Las gotas de lluvia caían de un cielo negro, sin nubes, brillante y de color blanco lechoso, resplandeciendo contra la arena rojiza. Las estrellas habían caído y decidieron quedarsen el suelo, dejando el firmamento desnudo y vulnerable.
Extendieron la mano para tocar el negro, los dedos atravesaron la oscuridad y luego se iluminaron con fuego dorado.
Spock abrió los ojos, aun respirando con dificultad mientras descansaba junto a Jim. El más joven estaba jadeando por aire, con su cuerpo flácido.
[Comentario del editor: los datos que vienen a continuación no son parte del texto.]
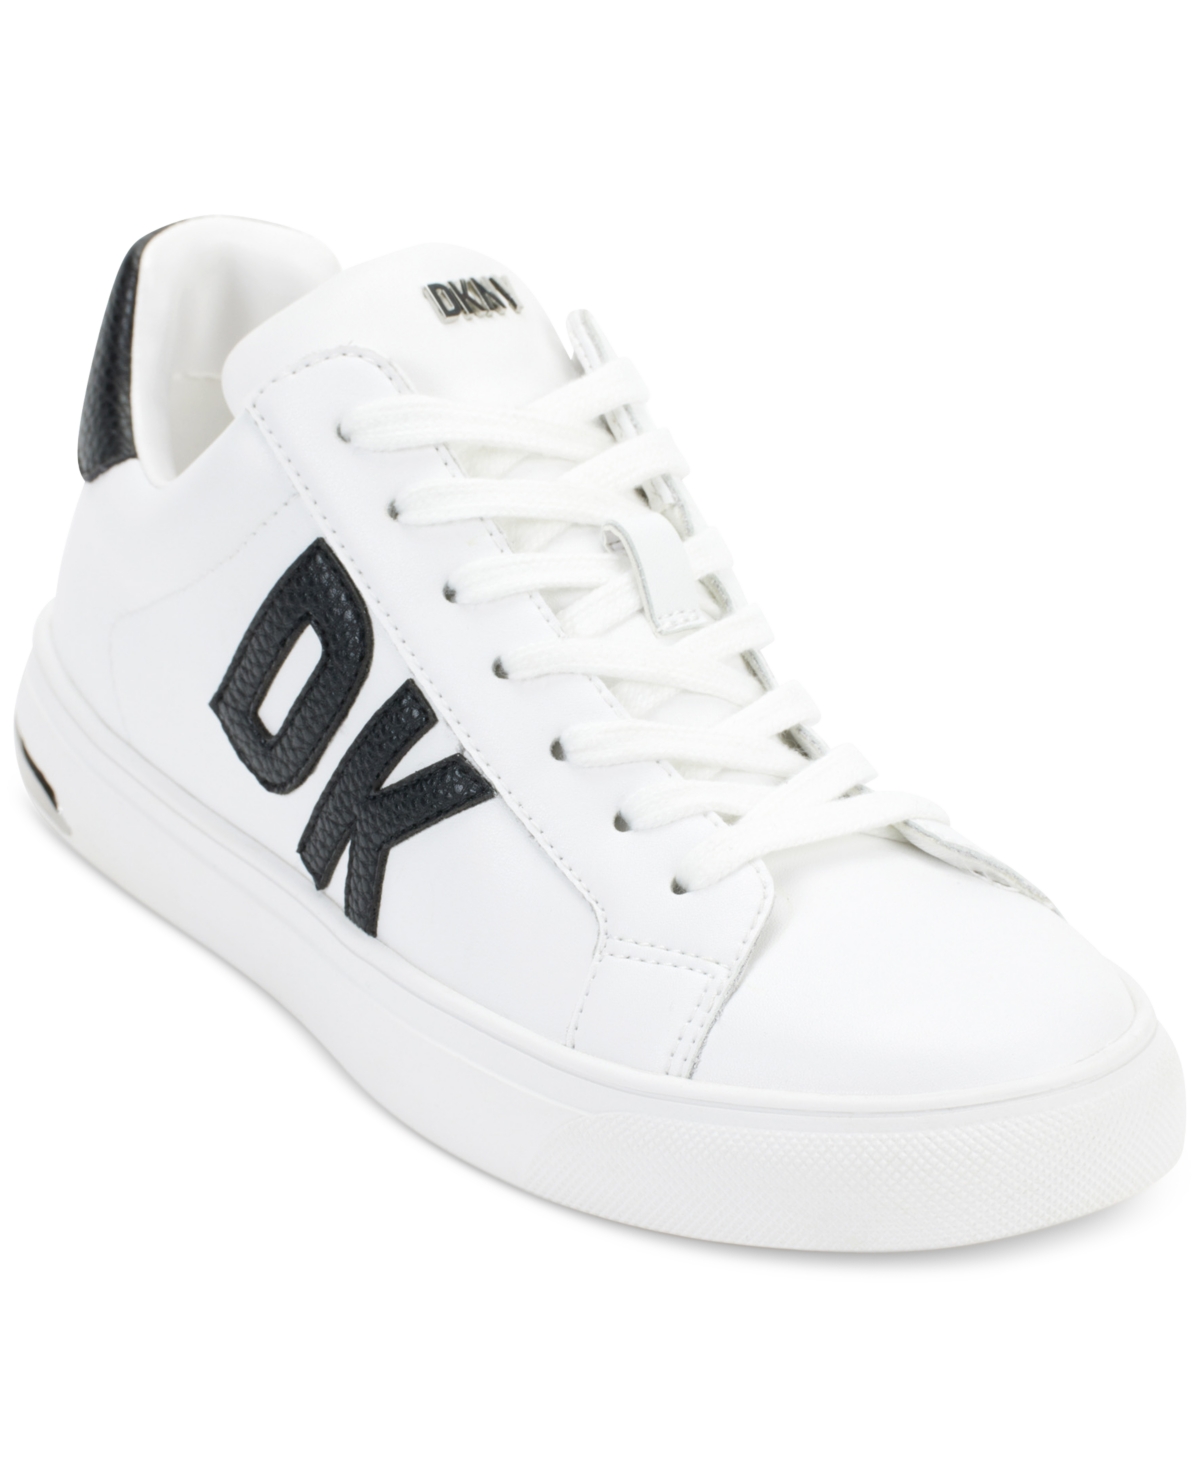 Abeni Platform Low Top Sneakers - Bright White/ Silver

Spock dejó que sus dedos trazaran líneas lentas a lo largo del torso de Jim, recorriendo la caja torácica y rodeando los pezones semiduros. Sin embargo, los ojos de Spock estaban fijos en la marca de la mordedura y en la piel magullada a su alrededor. Jim quedaría muy bien con esa cicatriz. Ahora todos sabrían que le pertenecía a él y solo a él.
"Oh, maldición", murmuró Jim, con la voz rasposa y cansada. "Está bien, eso fue ... en realidad no tengo palabras".
"Fascinante. James Tiberius Kirk se quedó sin habla", dijo Spock, levantando la cabeza para mirar a su ... amigo ... ¿compañero? "Creo que vale la pena enviar una notificación al perdico Vulcano".
"Cállate, Spock," Jim le jalo la oreja. "Eso fue increíble. Si hubiera sabido que el sexo sería así, lo hubiera hecho hace años".
Spock gruñó y rodó sobre Jim de nuevo. "Eres mío."
Jim parpadeó, lamiendo sus labios. "Sí. Por supuesto, quiero decir, estamos vinculados. Soy tuyo hasta que estés a salvo de nuevo."
Spock sintió que su propio dolor se mezclaba con otro profundo y estaba seguro de que no era el suyo, pero antes de que pudiera sentirlo más, se había ido. "Ciertamente."
Jim sonrió ampliamente y luego gimió cuando Spock deslizó un dedo en su entrada. "¿O-otra vez?"
Spock sintió que sus oídos se calentaban, pero eligió mantener la compostura, incluso si su erección se estaba volviendo algo incómoda. "Jim, por lo que he llegado a saber, el Pon Farr puede durar hasta siete días".
Jim tragó. "Oh."
Spock se permitió sonreír al joven. "Ciertamente."
"Bueno, entonces ..." Jim se mordió el labio y luego sonrió con picardía. "Entonces, ¿qué estás esperando, Spock?"
Spock hizo un sonido de algo que no estaba seguro si era un gruñido o un ronroneo, pero cuando acorralo a Jim y escuchó al joven reír, no estaba particularmente dispuesto a preocuparse de ninguna manera.